To the best of our knowledge, the current results are among the first to report a production effect outside of participants’ native language, and this potentially involves pronunciation challenges. We focused our task instructions and data inclusion on task compliance: we did not provide any specific instructions for pronunciation, and responses were included if they complied with instructions to speak or remain silent. We expected pronunciations to differ greatly across participants, which precluded adopting strict pronunciation criteria. We also reasoned that pronunciation errors should work against the production effect, as words pronounced differently might be difficult to recognize later, which would mean that our reported effect sizes may be conservative.Footnote 3
Another limitation of this study is that we cannot draw strong conclusions about how language proficiency influences the production effect at an individual level. That is, the language background information and the LexTALE scores we collected were used only to establish that the groups as a whole were relatively unbalanced in terms of average L1 and L2 proficiency. Although the LexTALE task is often used to assess proficiency, it showed low-to-modest correlations with a standardized language assessment protocol (Puig-Mayenco et al., 2023). The authors argued that the LexTALE task should not be used as a diagnostic measure of global proficiency for a given individual. Further work using comprehensive and diagnostic language testing would be needed to examine how individual proficiency would predict a single individual’s production effect.

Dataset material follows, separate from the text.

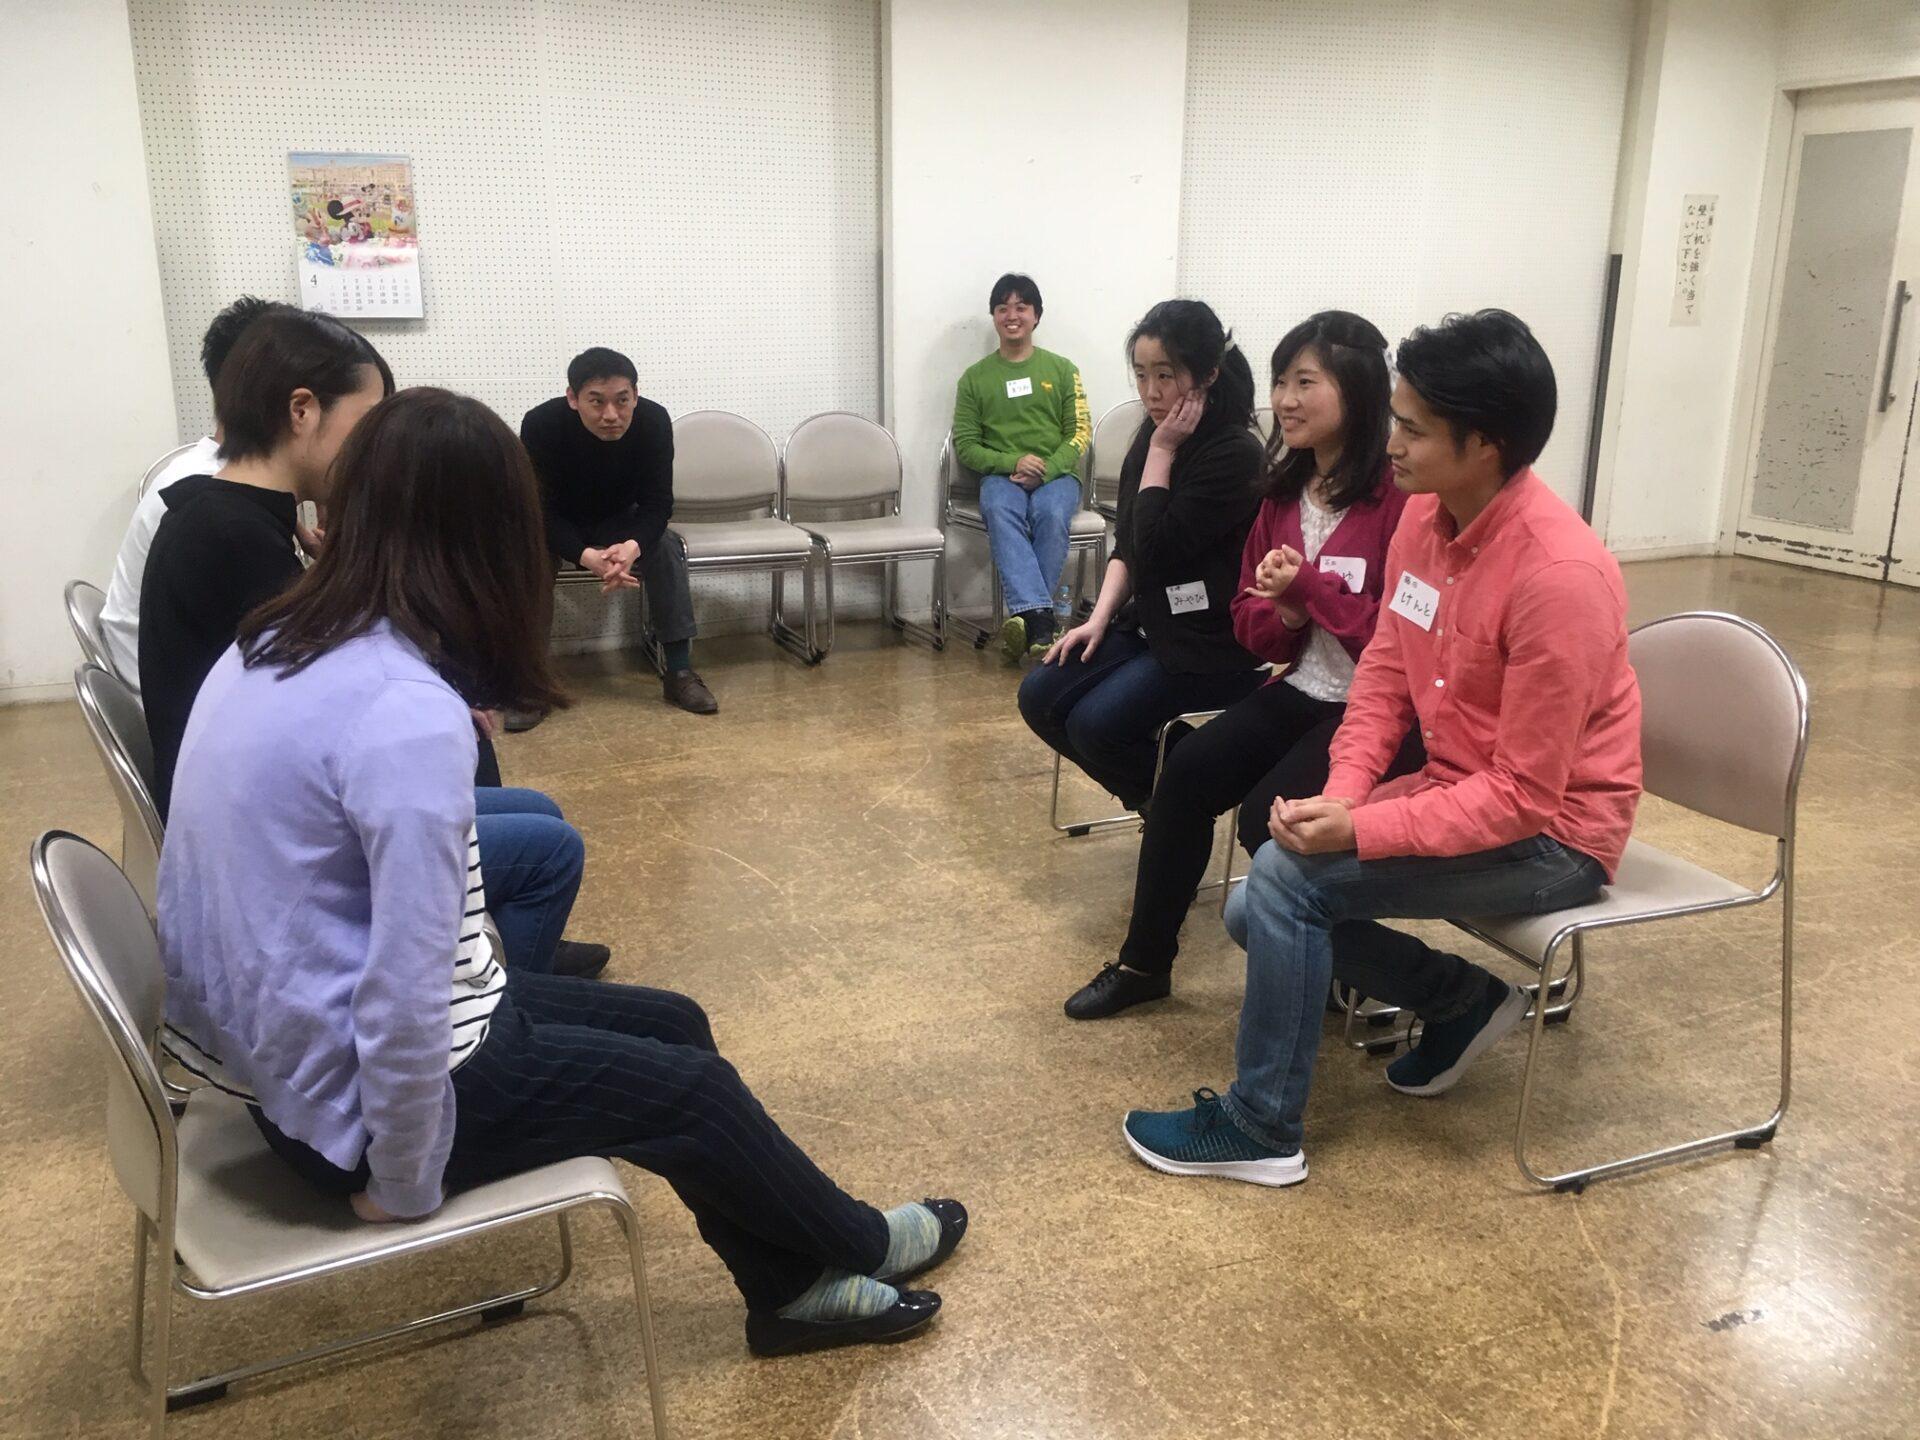 【ミュージカル合同練習会】4月13日練習会レポート!

Finally, it should be noted that the languages examined here, German and English, share phonological similarities. The extent to which an increased L2 production effect is influenced by the L1-L2 similarity is an open question. If phonological similarity decreases the L2 production effect (if speaking in an L2 was too easy here, for example), then we may have underestimated the effect size of an L2 production effect. A valuable next step would be to examine bilinguals who speak highly dissimilar languages. In addition, many participants spoke multiple languages (see Table 1), particularly Experiment 1 participants, who commonly spoke Dutch (related to German and English), French, or Spanish (both less related to German or English). Multilingualism could potentially increase or decrease the L2 production effect, for example by highlighting differences or similarities between German and English, respectively. Both possibilities are suggested by exploratory regression analyses on individual L2 production effect scores (Appendix 2): speaking one additional language related to a decreased L2 production effect in Experiment 1, but speaking three additional languages related to an increased L2 production effect in Experiment 2 (although only two participants spoke three additional languages in Experiment 2, see Appendix 2). The potential influences of multilingualism would be an interesting topic for further study.
Conclusion
We examined the role of prior experience (time- or age-dependent) on the encoding benefits of movement by examining the production effect in unbalanced bilinguals. We observed a greater production effect in a second language compared to a first language. Participants more accurately recognized words they had spoken aloud in their second language compared to their first language. This result was relatively consistent across two independent groups of unbalanced bilinguals (German-English and English-German bilinguals). We propose that psycholinguistic and/or domain-general processes may account for the findings. For example, reading in a second language may utilize phonological-motor associations, and/or increased effort or attention may be engaged in speaking in a second language. The findings here add further insight into the possible mechanisms behind encoding by movement (e.g., the production effect) by showing that less prior experience may amplify these memory benefits.
Data availability
The raw, anonymized datasets are freely available on psycharchives.org.
Code availability
The custom R code used for the current study are freely available on psycharchives.org.
Notes
A misspelling of one German word (President rather than Präsident) was corrected approximately halfway through Experiment 2 and was also removed from all analyses. There were also three German words that were plural versions of other words in the pool (e.g., “Menschen”, plural of “Mensch”). All results in Experiments 1 and 2 remained unchanged when these words were removed from the analyses.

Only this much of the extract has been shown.